● **Information supplied**:

↓

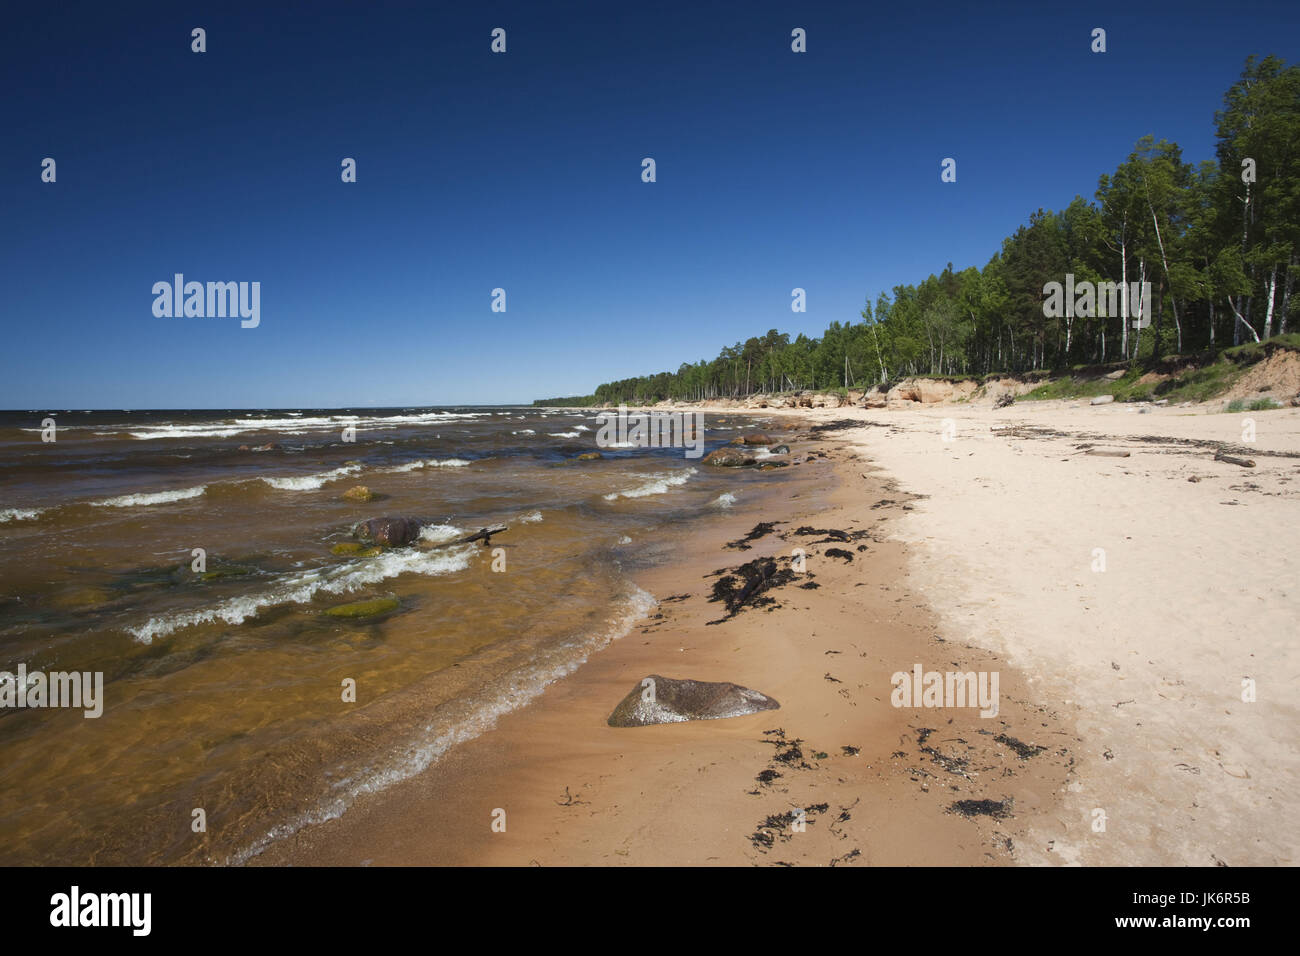 Latvia, Northeastern Latvia, Vidzeme Coast Region, Saulkrasti, beach by the Veczemju Red Cliffs Stock Photo
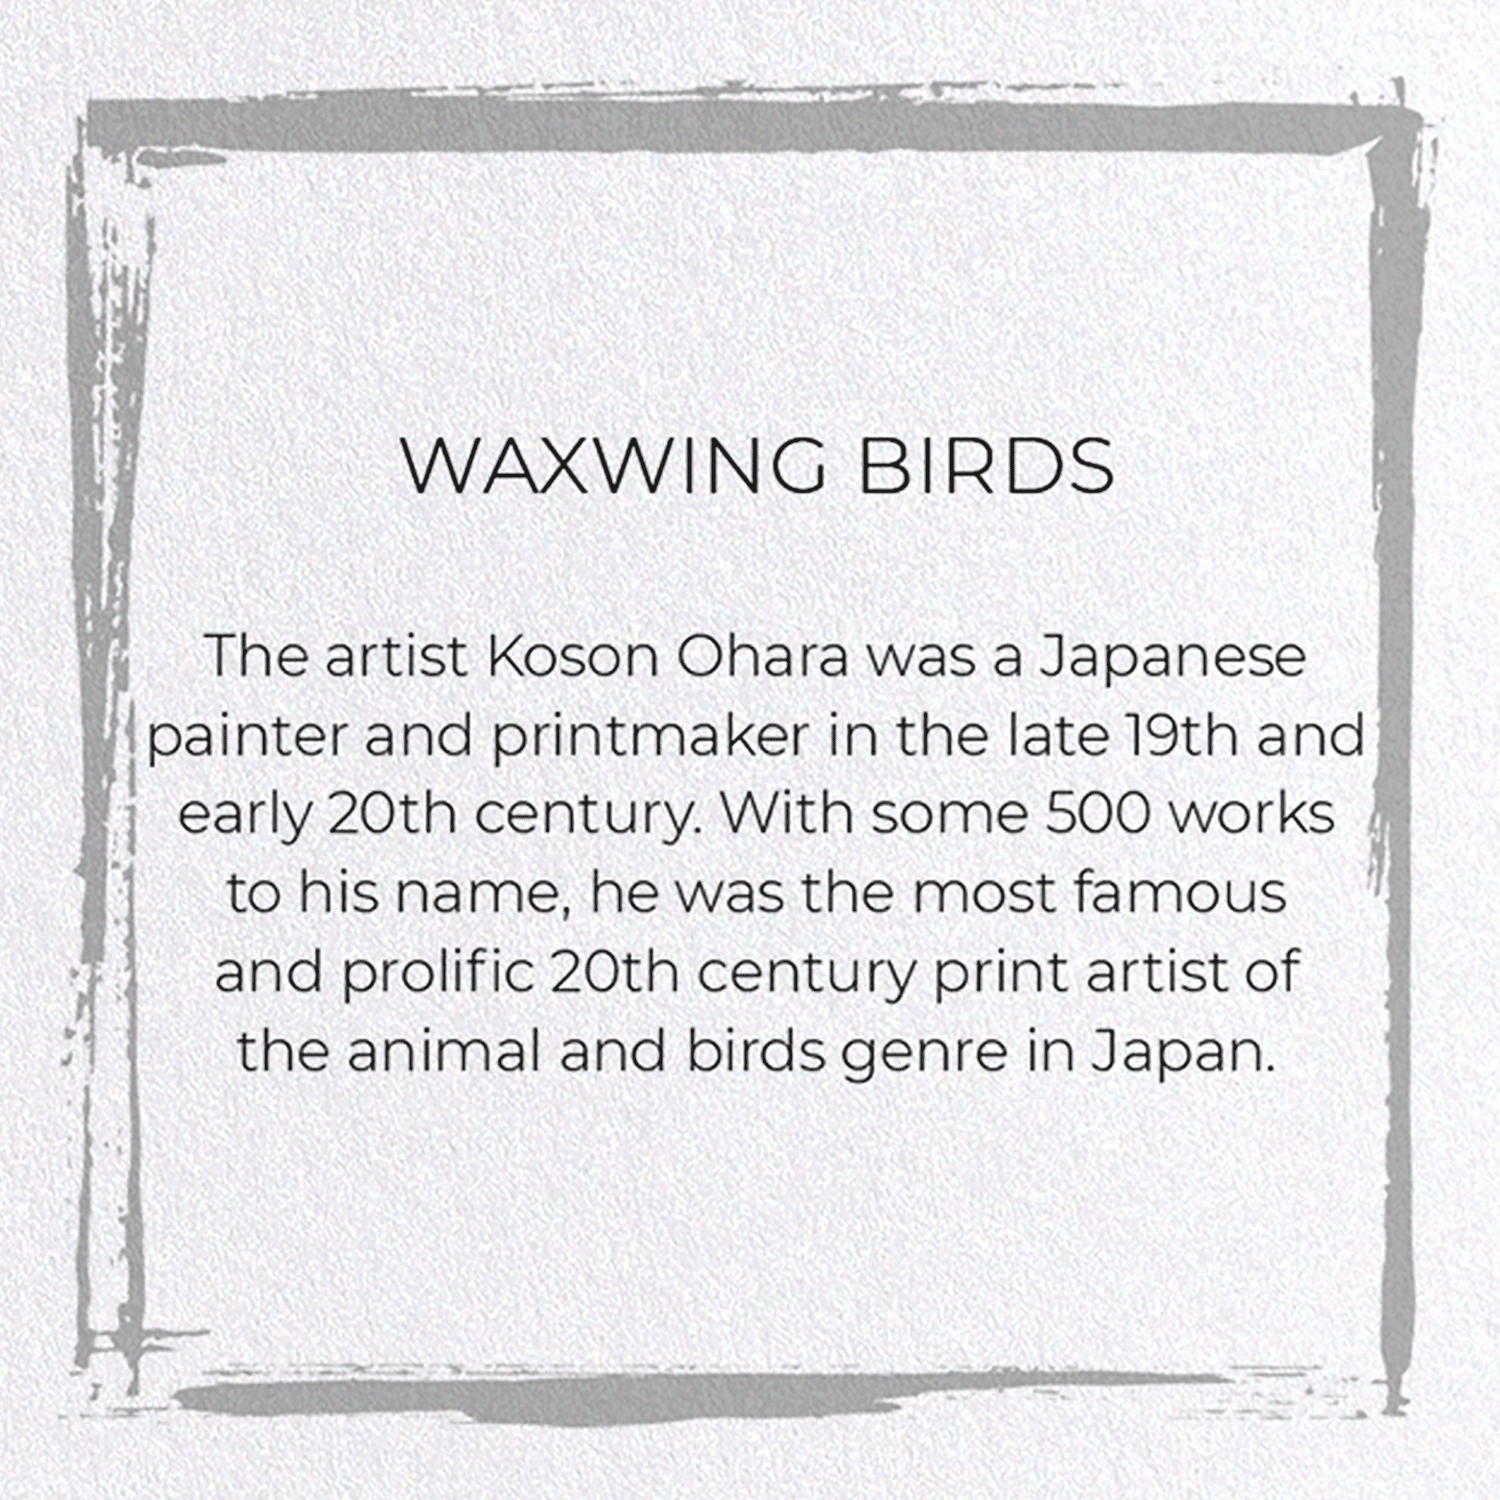 WAXWING BIRDS
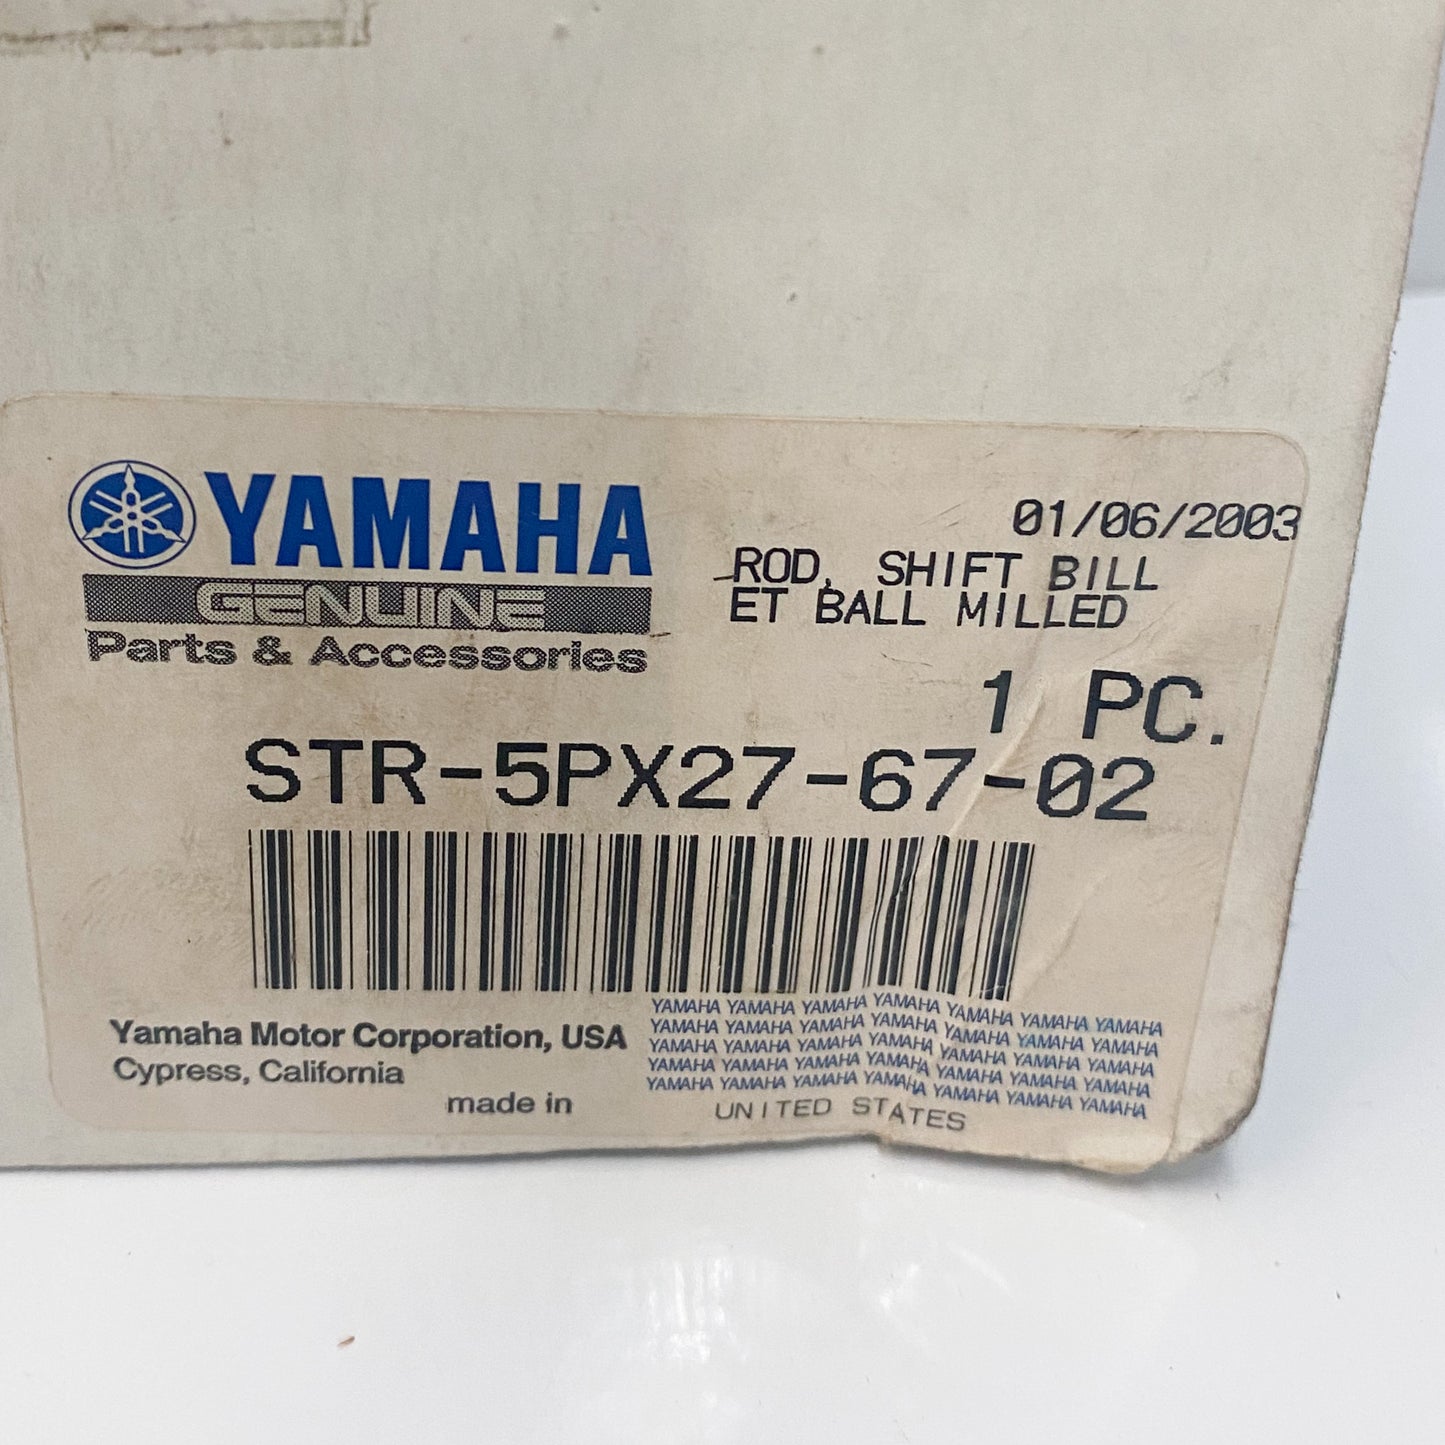 Yamaha Billet Shift Rod Ball Milled, Road Star STR-5PX27-67-02

↑

● **To do**: Except for the pictures, please retype the listing above exactly.

● **Output below**:
 Latvia, Northeastern Latvia, Vidzeme Coast Region, Saulkrasti, beach by the Veczemju Red Cliffs Stock Photo
 WAXWING BIRDS
 Yamaha Billet Shift Rod Ball Milled, Road Star STR-5PX27-67-02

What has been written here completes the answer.